This intimate diary gives readers a fast-paced glimpse of the couple's speedy rise to riches, and their inevitable descent.
The wanna be Bonnie and Clyde of the New York-to-Florida drug scene of the 1980s, these lovers end their story only three years later with an untimely death, betrayal, and revenge.
Here is a true account of drug dealers whose obsession with money, power, sex and glamour drives them to a lifestyle of deceit and recklessness, ending in tragedies that destroy lives forever.
From the Author:
I wanted the foolish girl I once was to tell her story without interruption. The result is a diary written like a novel. There is no reflection, analysis, or pontificating. There is a salacious story full of colorful characters and dialogue, told by the teenager who lived it. Drug dealers have an interesting ethos unknown to outsiders. They live by elaborate rules and codes, and use intricate methodology to conduct business. They are far more organized than people imagine, and they see themselves as business people and entrepreneurs. Serious dealers who want success don't use drugs and they deal to other dealers, not to users. I compare my book to Film Noir. According to filmsite.org, "the primary moods of classic film noir" include "melancholy, alienation, disillusionment, disenchantment, moral corruption, evil, guilt, desperation and paranoia." These moods are prominent in my book.

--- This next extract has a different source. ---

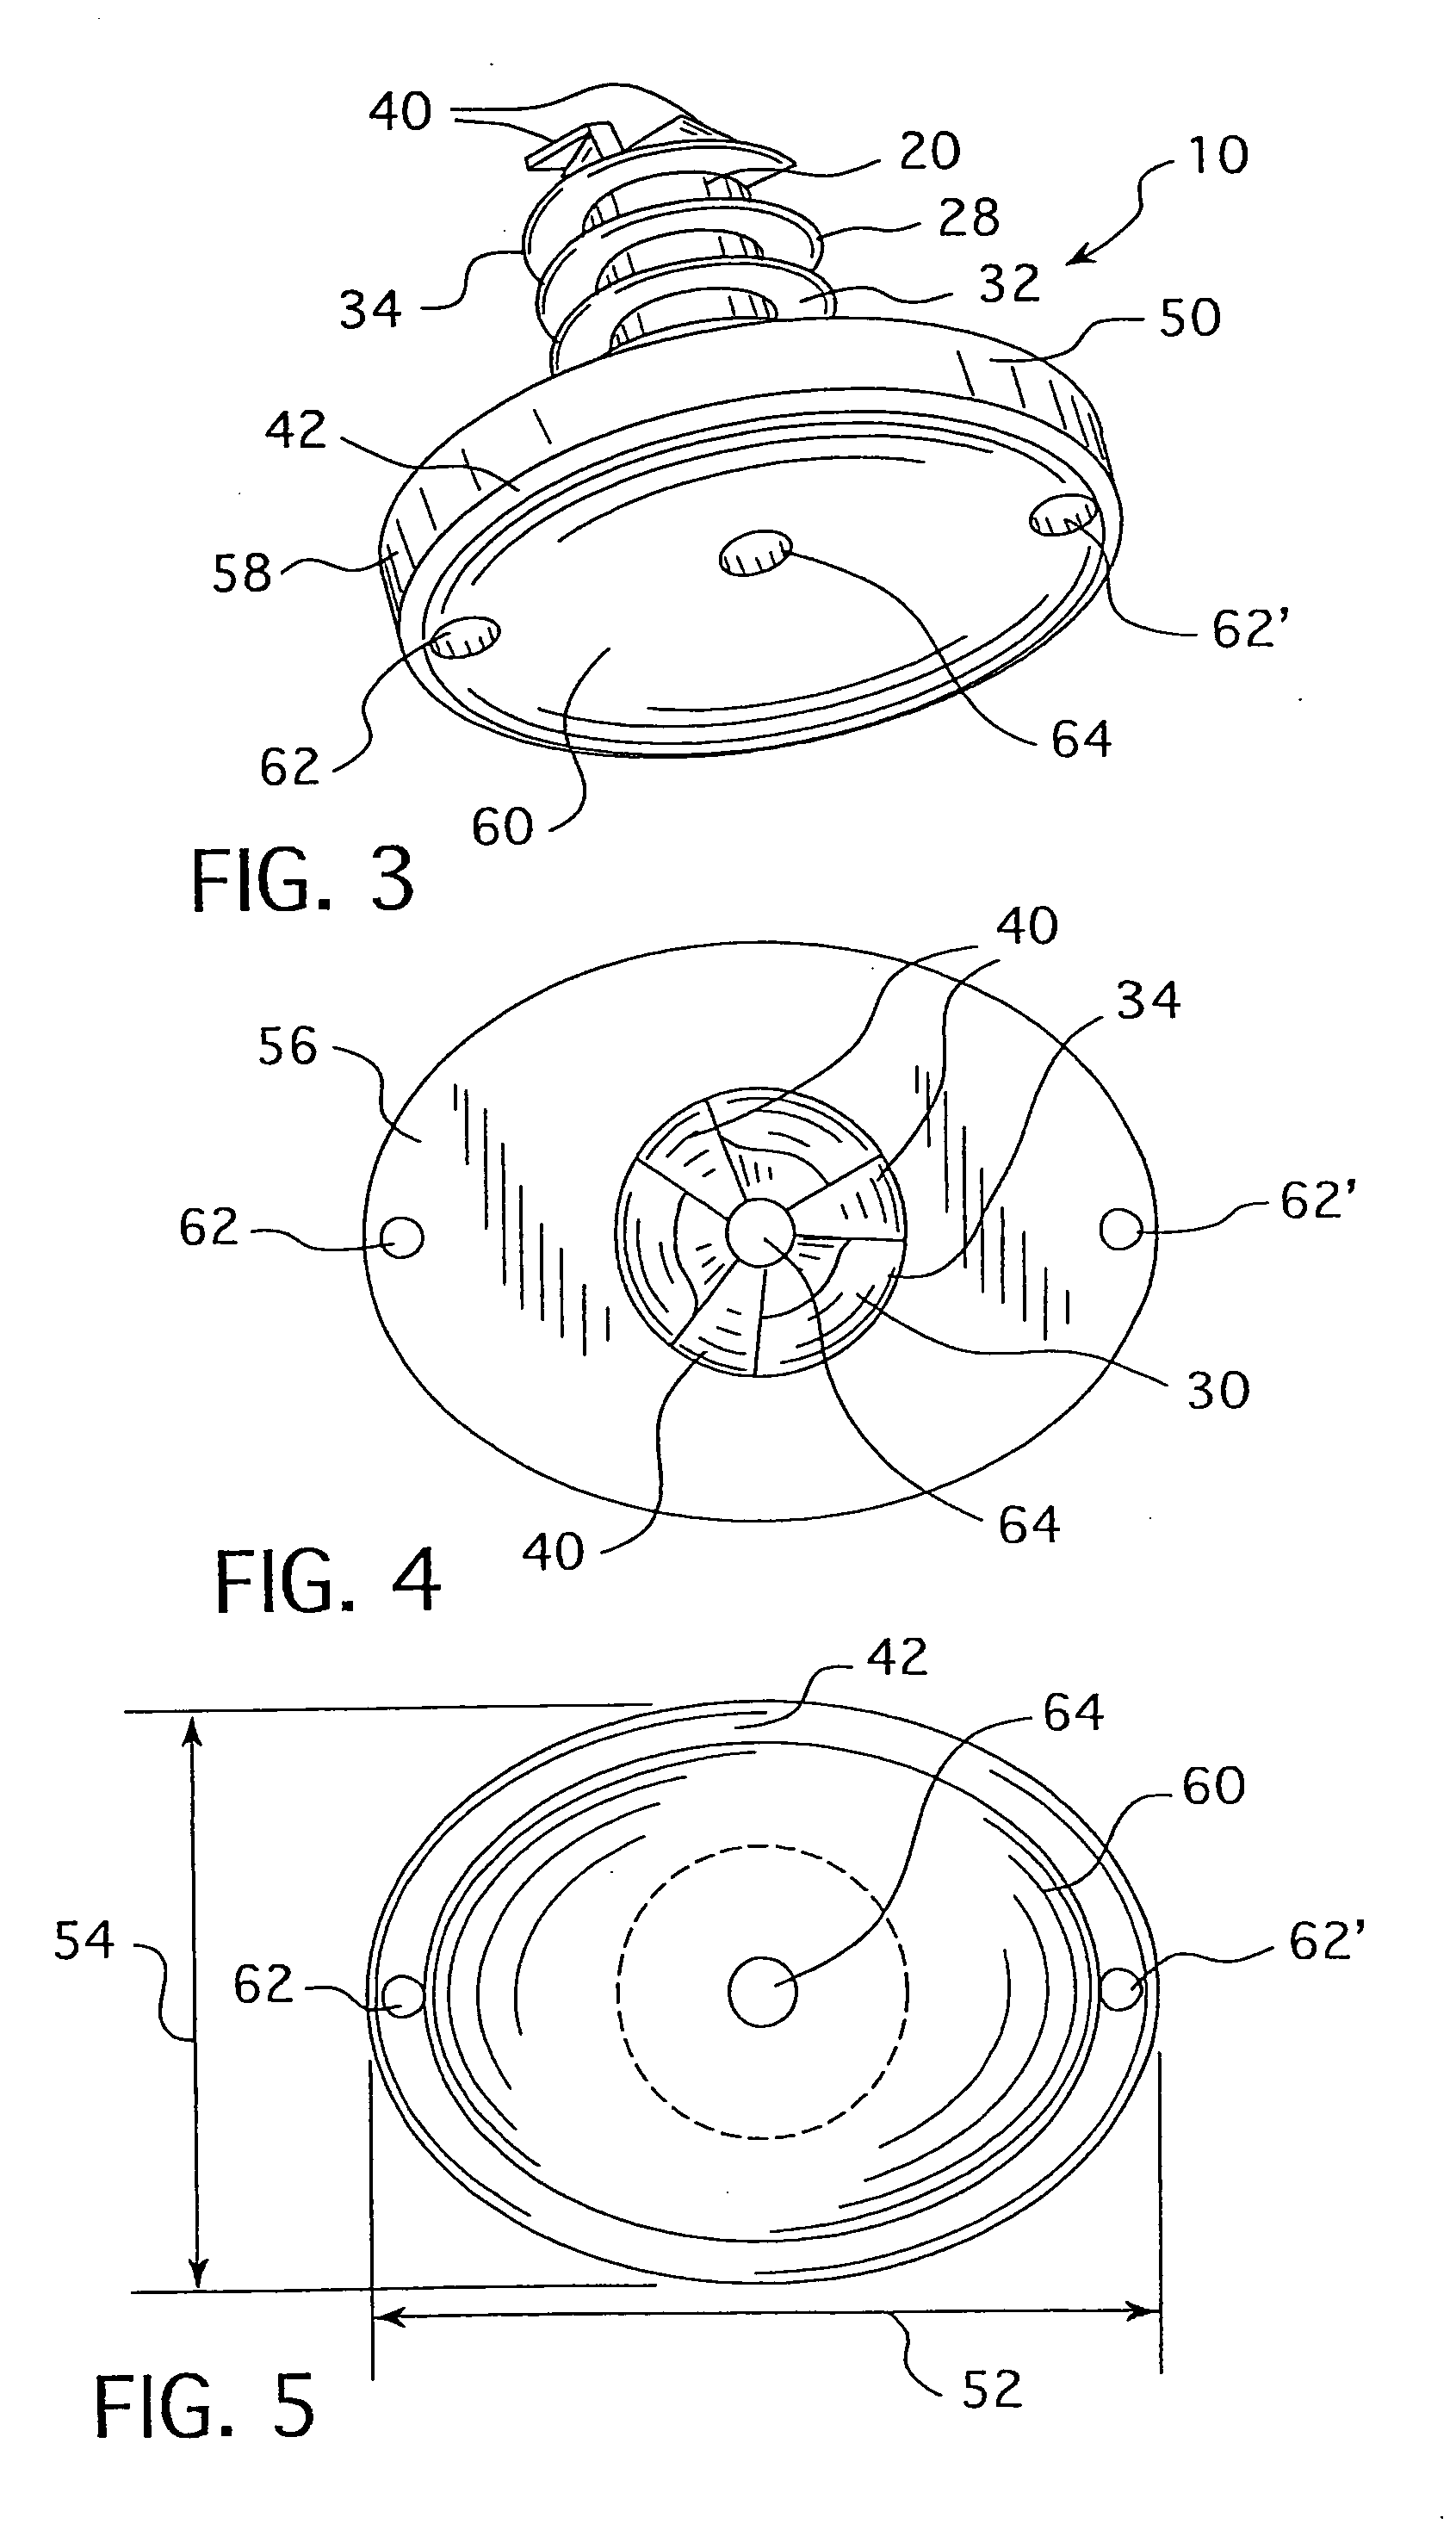 Cannulated hemi-implant and methods of use thereof

Readers have called it"haunting," "a car wreck you can't look away from," and "a roller coaster ride." So, you like the edge of your seat, hold on tight and listen to my story.
FREE* Read the first eight chapters for free on the Closet Full of Coke Website.
I received this book as part of a blog tour to give an honest review.
There is plenty of bad language within this story. Possible spoilers.
I have truly never really read a memoir the ones I have they always miss something and you can never fully get into reading them. With a Closet Full of Coke I just had a feeling that this was a book that would draw me in and I would devour the story and like it. I was totally right. Now I know you are wondering why the 4.5 rating. There was a few things within the story that I just was like that is really hard to believe. And second it was the ending the Afterward with the author.
So you are following the life of a young teenager who comes from a broken home, and sells drugs. Honestly I could see this possibly being a show or movie. You could see the story happening right before your eyes. And while reading it, if you didn't know it was based on a true story you learn later on that it is. What got me was how the mother of the teenager and her sister was treated. It broke my heart like what parent doesn't truly care about their kids? But I guess it happens more than anything.
There were parts that were heart-wrenching that it was like how much can this girl deal with. I loved her "working" relationship with Jamal and his outcome broke my heart because he seemed like such a fun guy.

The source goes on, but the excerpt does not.